Unfortunately, the law has not been aggressively enforced. Government figures show the eye doctors decline to provide patients with a copy of their prescription roughly half of the time. What this says is that the larger companies have worked in concert with their congressional allies to dilute the FCLCA of any real meaning. They are now poised to land a knock-out blow in the form of a new bill entitled the “Contact Lens Consumer Health Protection Act of 2016,” which Sen. Bill Cassidy (R-La.) introduced just last week. It’s a doozy. Instead of empowering consumers with more choice, the bill adds mandates to the contact lens prescriber verification process making it much more difficult for online distributers of contact lenses to sell directly to consumers.

By requiring contact lens sellers to provide live telephone, fax and email methods for prescribers to contact the sellers, Cassidy’s bill would set a very cumbersome process into motion. This provision completely guts the original intention of the FCLCA as it would enable optometrists to indefinitely block a sale by simply communicating a question through the live agent service line and then refuse any future communications. As an added insult, the bill provides for $40,000 in fines for each violation.

The one bit of encouraging news comes in the form of a letter Sens. Mike Lee (R-Utah) and Amy Klobuchar (D-Minn.) sent to FTC Chairwoman Edith Ramirez asking the Commission to investigative current practices within the contact lens industry to ensure that consumers are “experiencing a greater choice of brands, lower prices for lenses and more vibrant retail choices…” Lee and Klobuchar also ask that that FTC probe into comments made during the rulemaking process that suggest patients are not automatically receiving their prescription.

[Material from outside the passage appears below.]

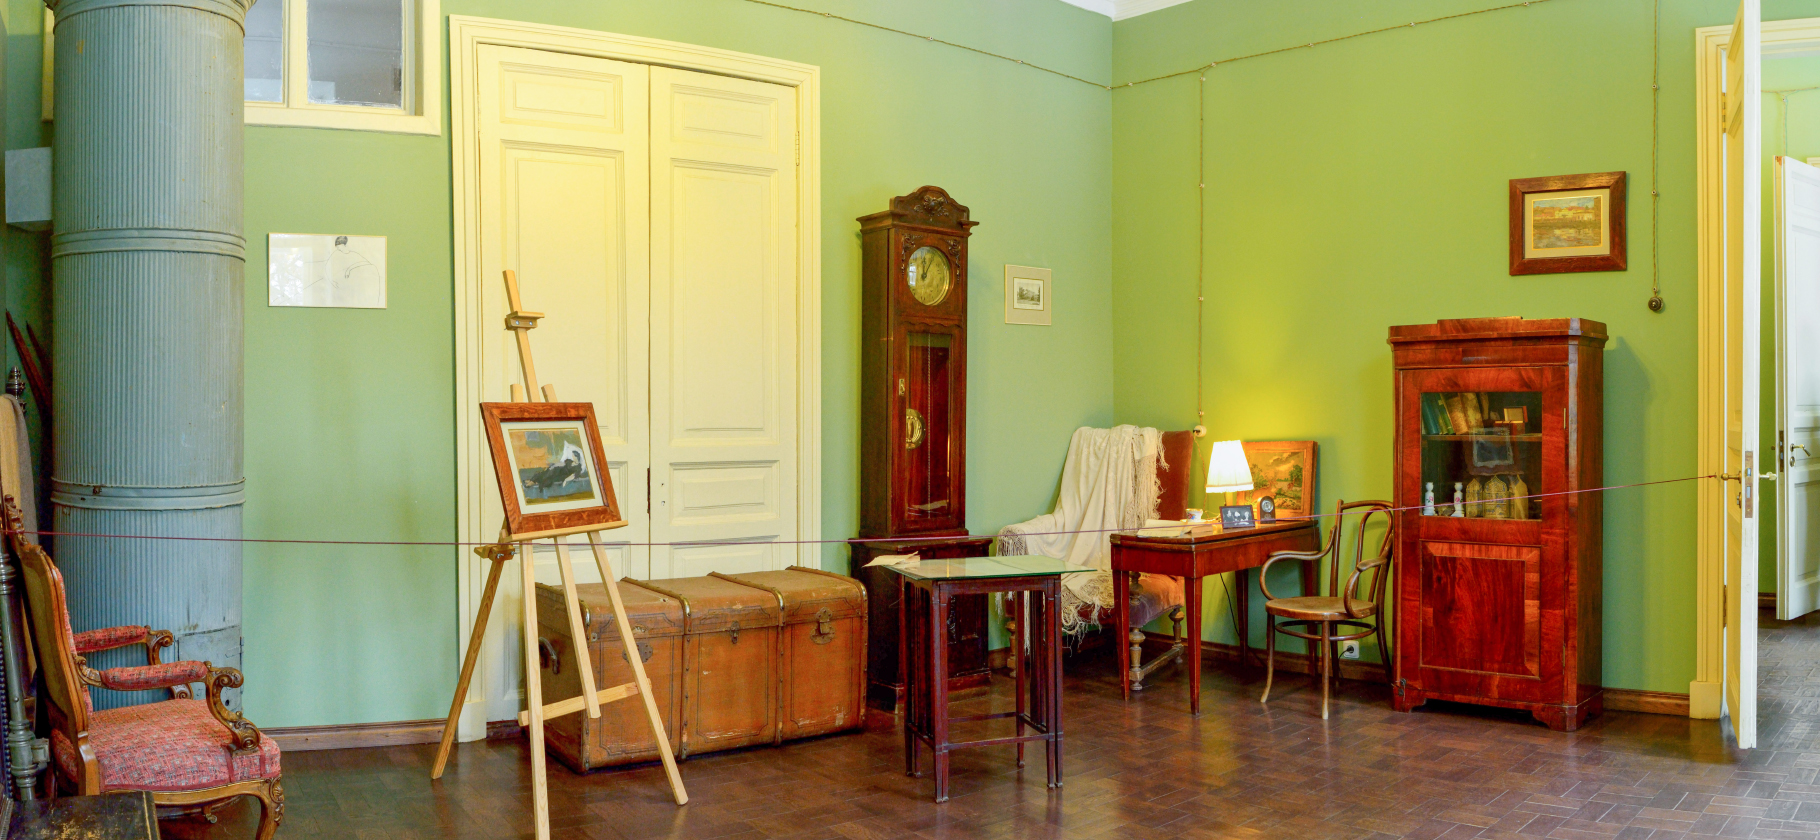 Полторы комнаты Бродского и «недоскреб» Зощенко: 10 литературных музеев Петербурга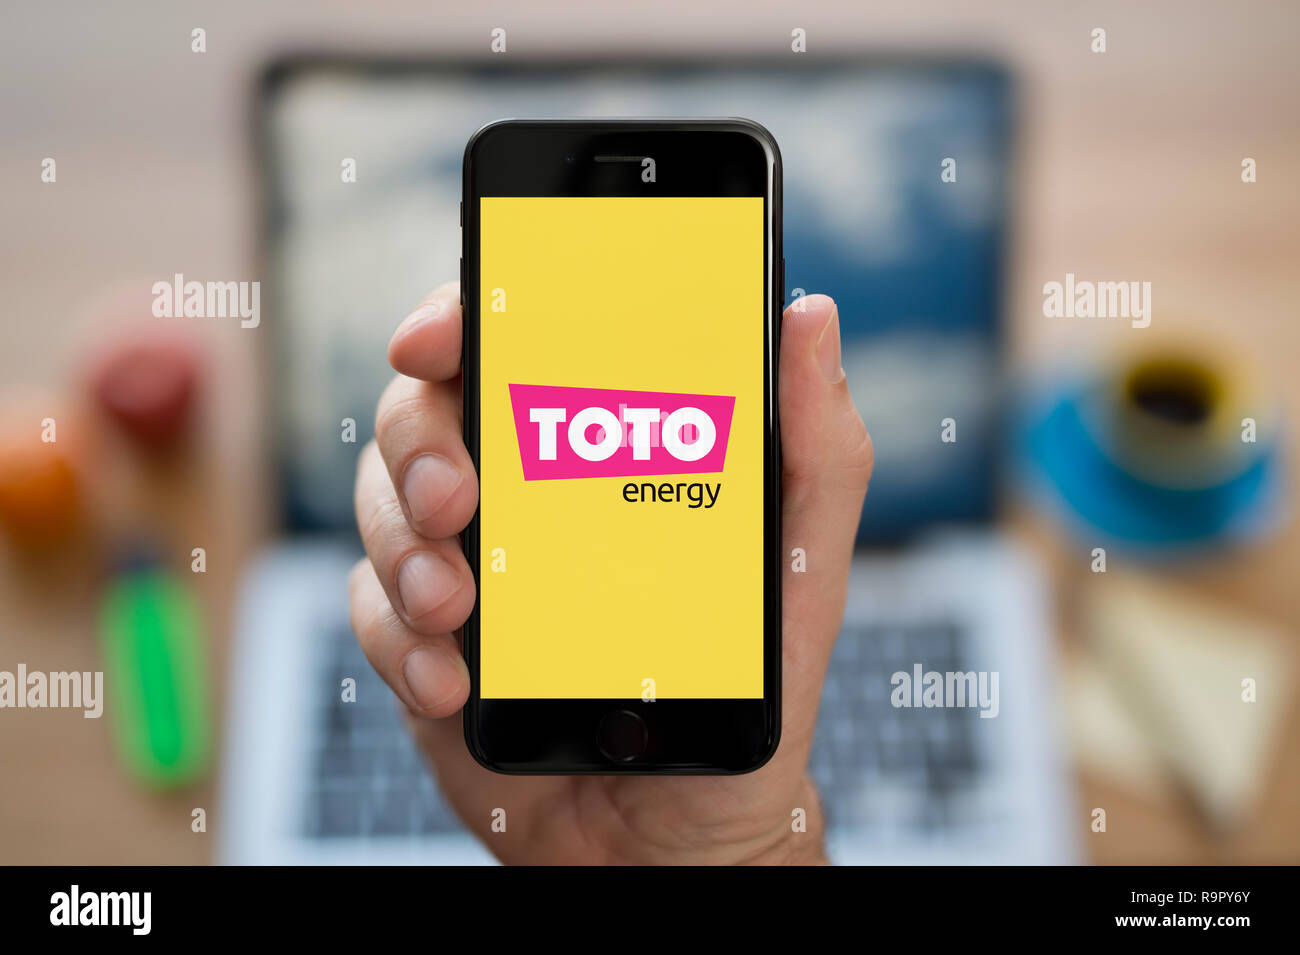 Un homme se penche sur son iPhone qui affiche le logo de l'énergie Toto  (usage éditorial uniquement Photo Stock - Alamy

If Congress won’t step up to repeal the federal requirement for prescriptions, it should at least move to aggressively enforce the pro-consumer laws that are already on the books while resisting new mandates. Proponents of so-called Contact Lens Consumer Health Protection Act” are pinning their hopes on slick, public-safety messaging meant to deflect attention away from the substance of the bill. The cronyism lurking behind the bill’s proposed mandates should be anathema to a Republican Congress that supposedly favors free market solutions. Here, they have the opportunity to prove it by blocking government rules and regulations that protect well-funded special interests at the expense of constituents who don’t have friends in high places. Will they?

Tug McGraw, the Phillies pitcher who famously struck out the last batter to win the 1980 World Series, had the appropriate comment: “Ya Gotta Believe!” He was with Mets when he first coined the phrase. But back then, the Phillies were able to recognize good talent and make good trades.